Willis Eschenbach repeats his erroneous erroneous claim and says:
April 24, 2014 at 5:21 pm
Steve from Rockwood says: April 24, 2014 at 5:12 pm My gut feeling is you have only proved your time series is band-limited both in low and high frequencies.
Thanks, Steve, and you may be right about the cause. However, I wasn’t speculating on or trying to prove the underlying causes of the phenomenon.
Instead, I was commenting on the practical effects of the phenomenon, one of which is that we erroneously think we are living in extreme times.
RobL asks not a bad question and says:
April 24, 2014 at 5:41 pm
Is the effect stronger for shorter series? Eg what about a 160 point long series (to reflect the hottest year on record claims), or 16 point long series (to reflect hottest decade)
Frederick Michael talks about proximity of data points and says:
April 24, 2014 at 5:59 pm
The “red noise” or “Brownian motion” assumption is essential to finding a closed form solution.
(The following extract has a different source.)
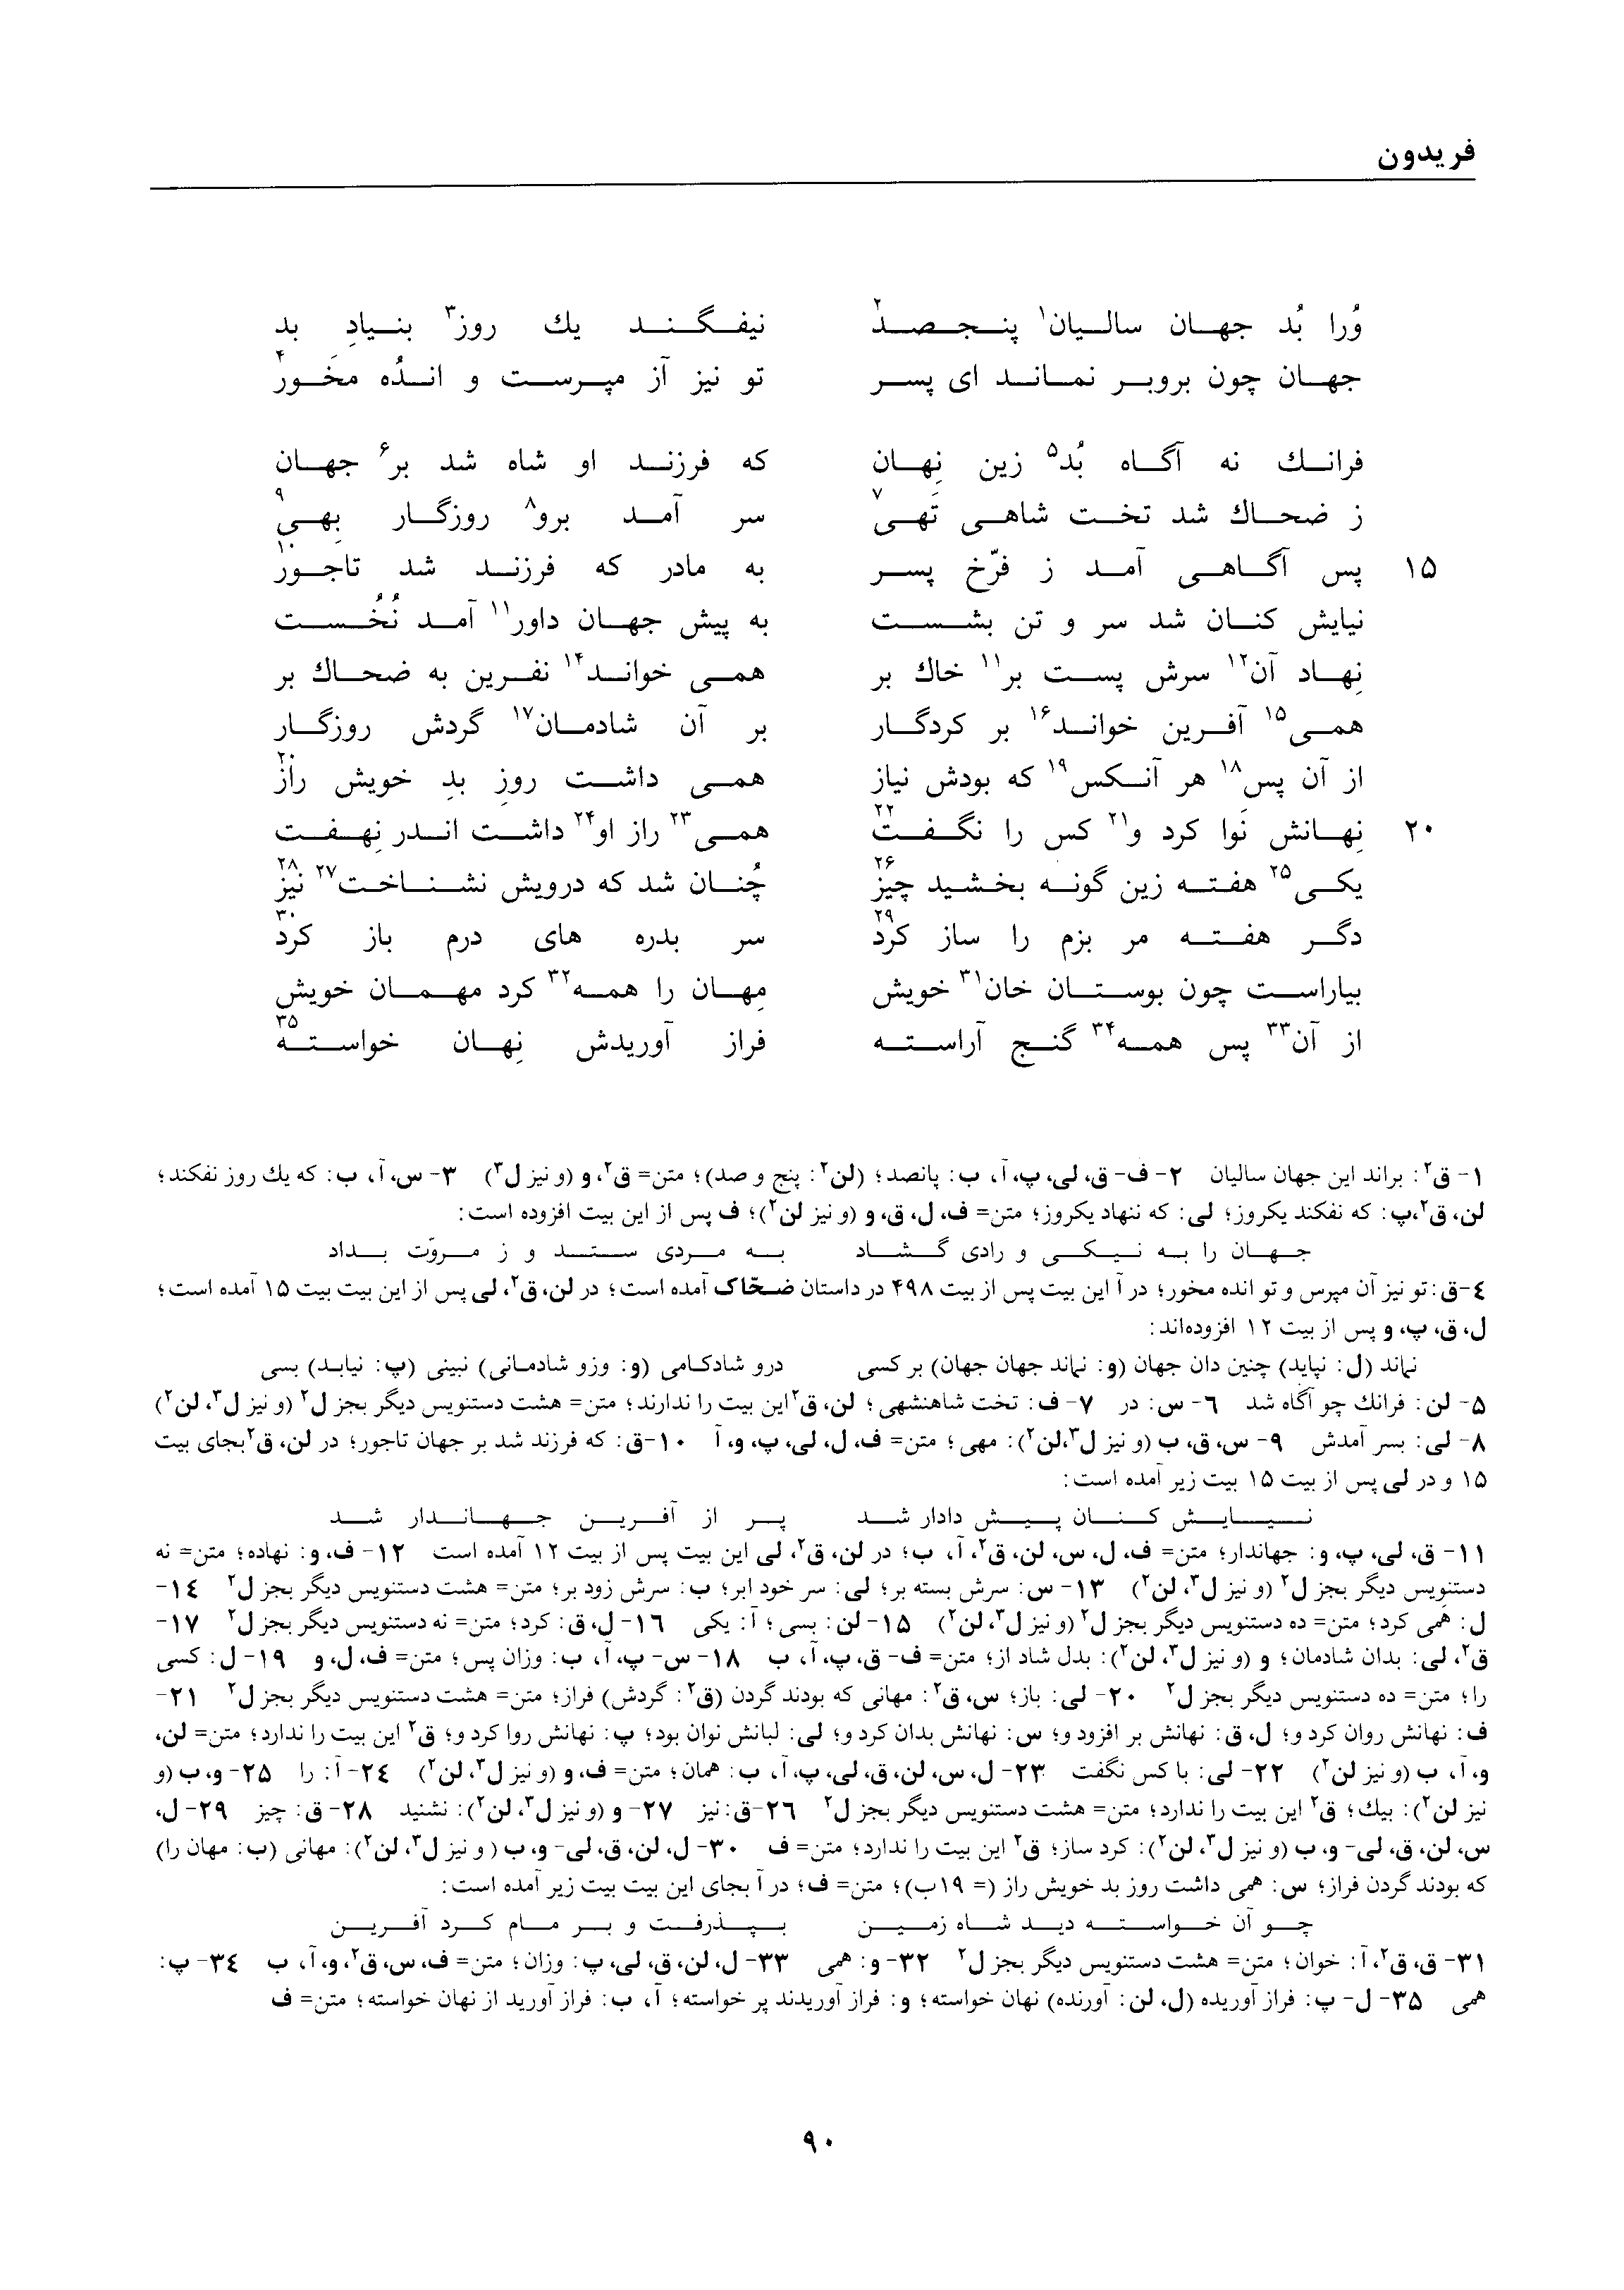 vol. 1, p. 90
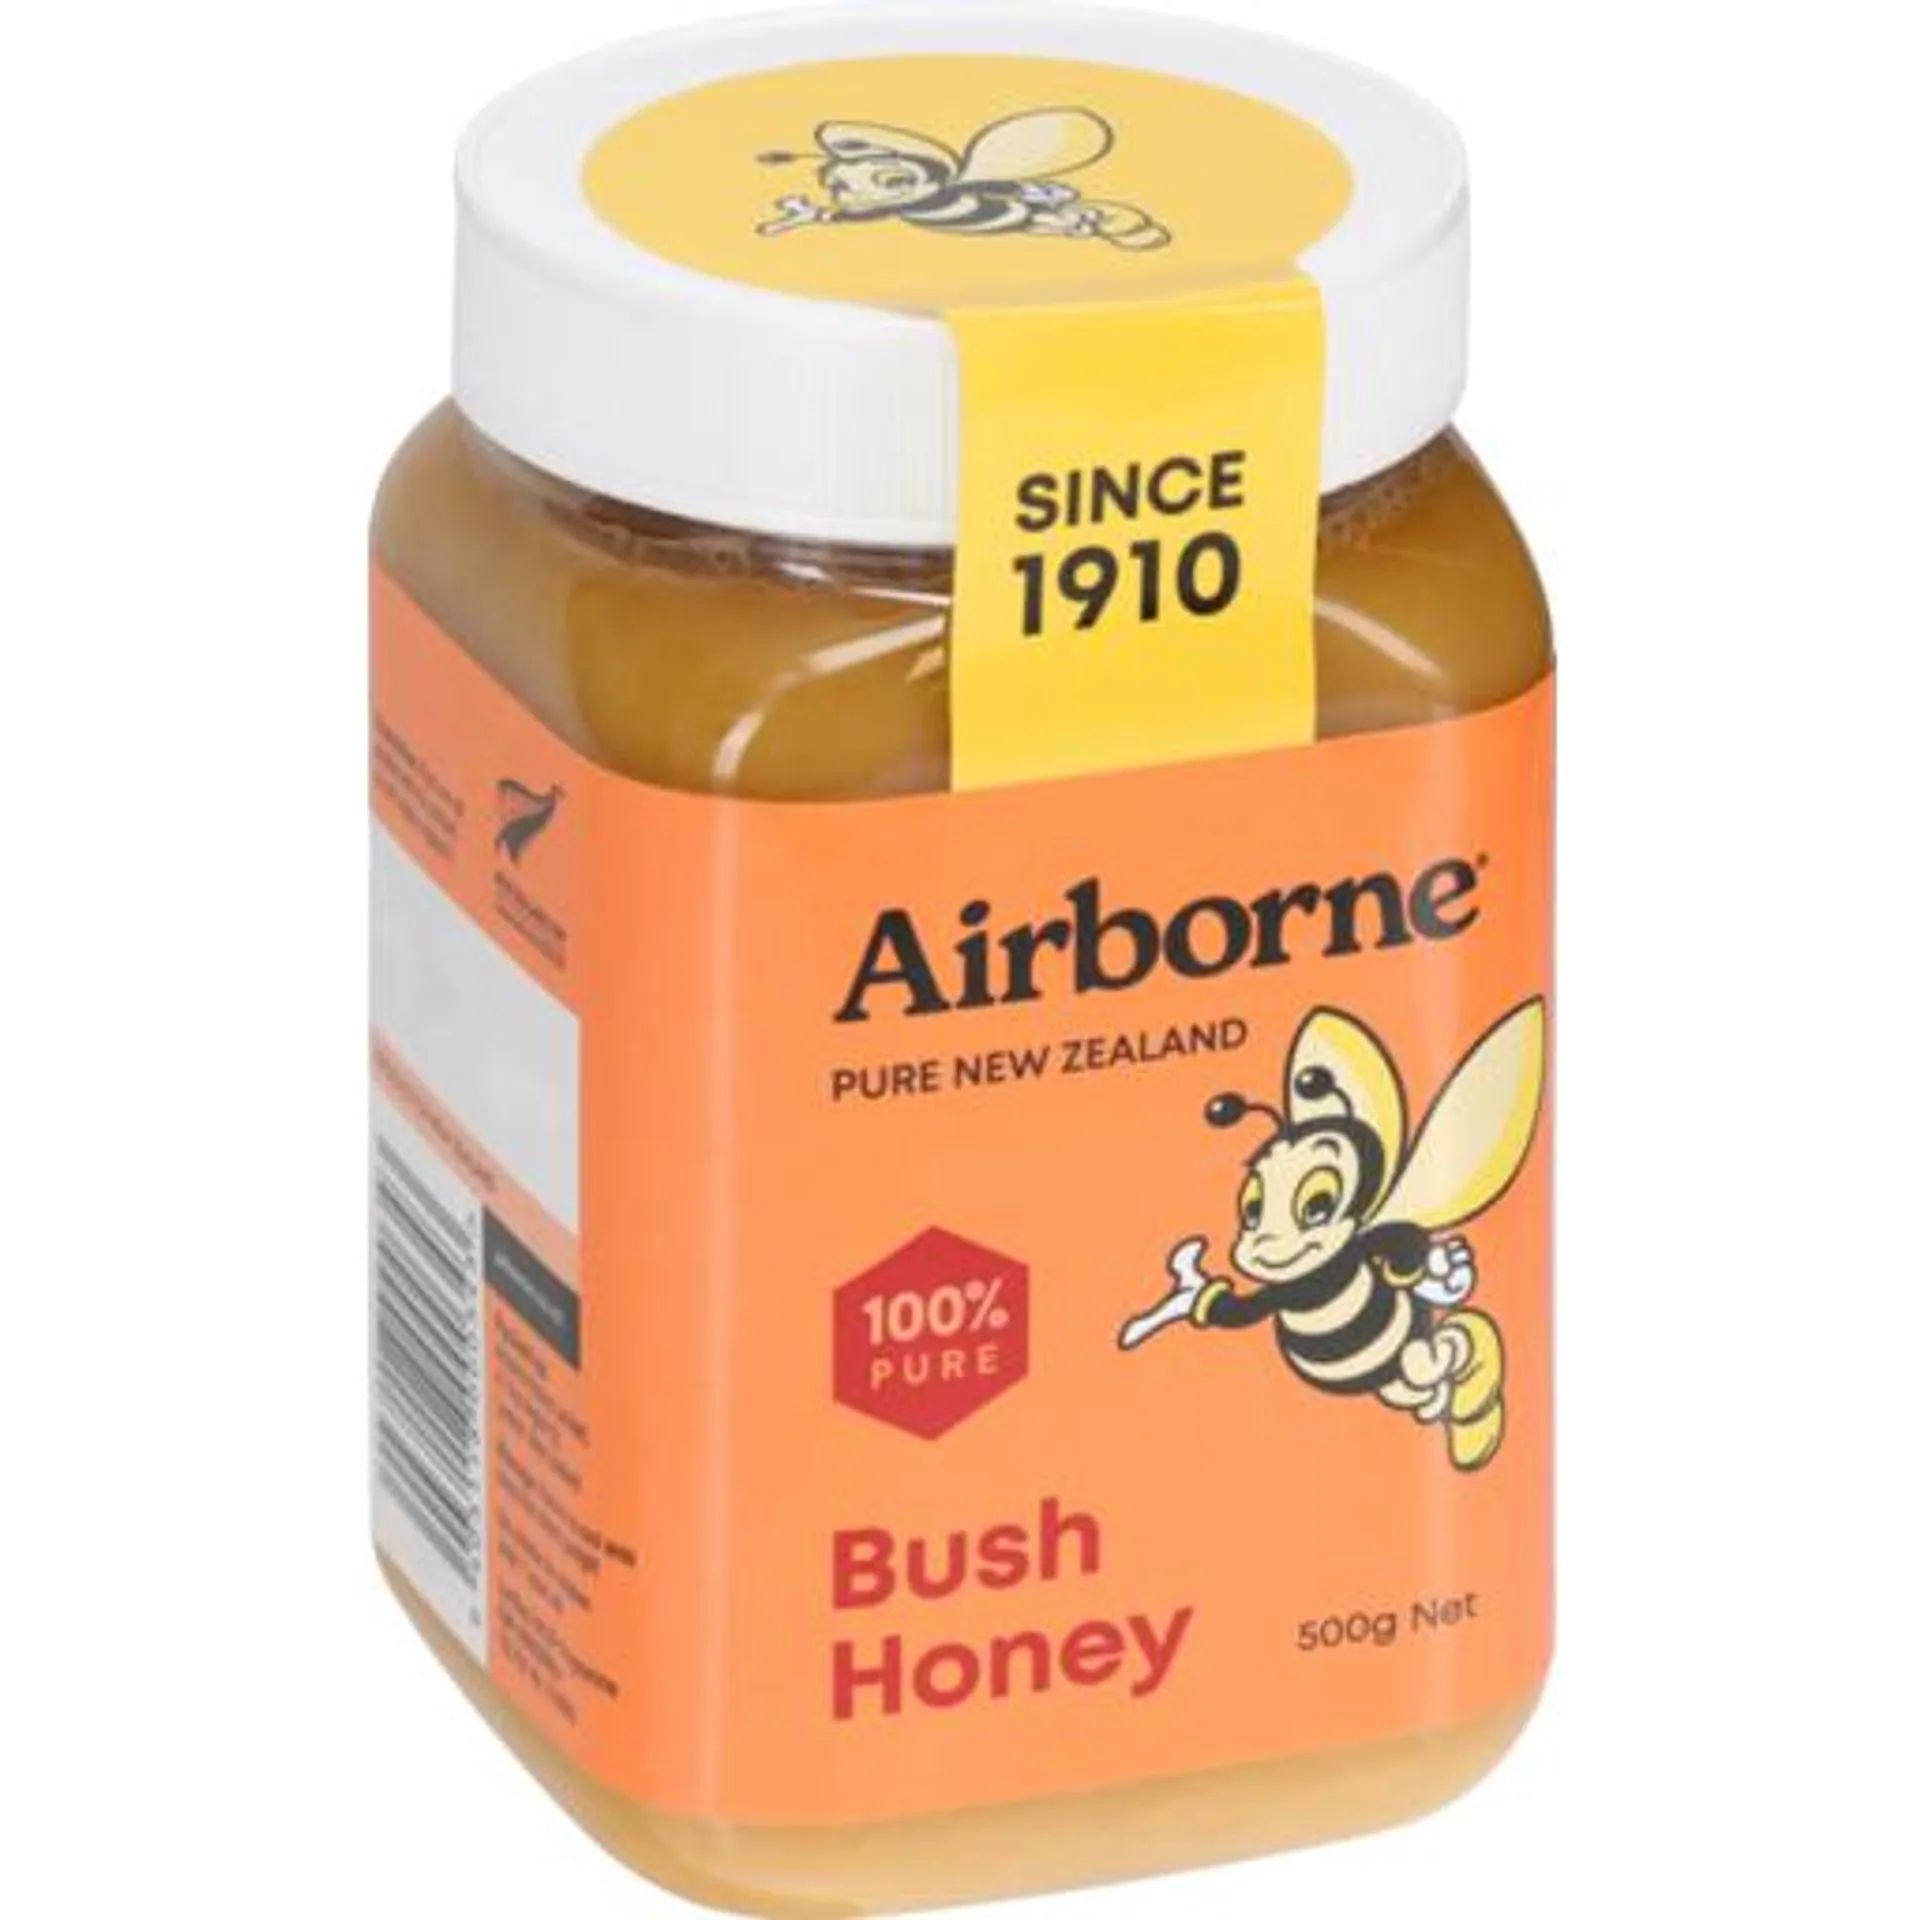 Airborne Honey Bush 500g

In my example of adding the N+1th point, knowing the value of the Nth point needs to be complete knowledge. (This is sometimes called “memoryless.”) If there are longer autocorrelations (trends, periodicity, etc.) the problem gets harder, and all bets are off on the endpoint effect — it could grow or disappear.
And adds more, Frederick Michael says:
April 24, 2014 at 6:57 pm
I think the term “red noise” is throwing folks off here. Willis is talking about pure Brownian motion. That is known as red noise but thinking about this in terms of spectrum is a rabbit trail. Willis is speaking of a series with no periodicity.
gymnosperm seems to have concluded that global warming is real and we're not going to be heading for an ice age any time soon, except she or he is wrong about the last 17 years (1995, 19 years ago, was warmer than 1999 and 2000):
April 24, 2014 at 8:18 pm
There is another reason for ” it was the n hottest of the instrumental record”. The instrumental record is an S form with the hottest years at the top. Any year in the last 17 is guaranteed to be one of the top 17.
Humans have a natural tendency to “autocorrelate”. It is a perennial search for portents.
Mike Jonas says:
April 24, 2014 at 9:08 pm
Willis – Good thinking, nice work! Following on from your post, I thought I would investigate the notion that nine of the last 10 years being the warmest “ever” was unprecedented. Answer : NO. It also happened back in 1945 and 1946.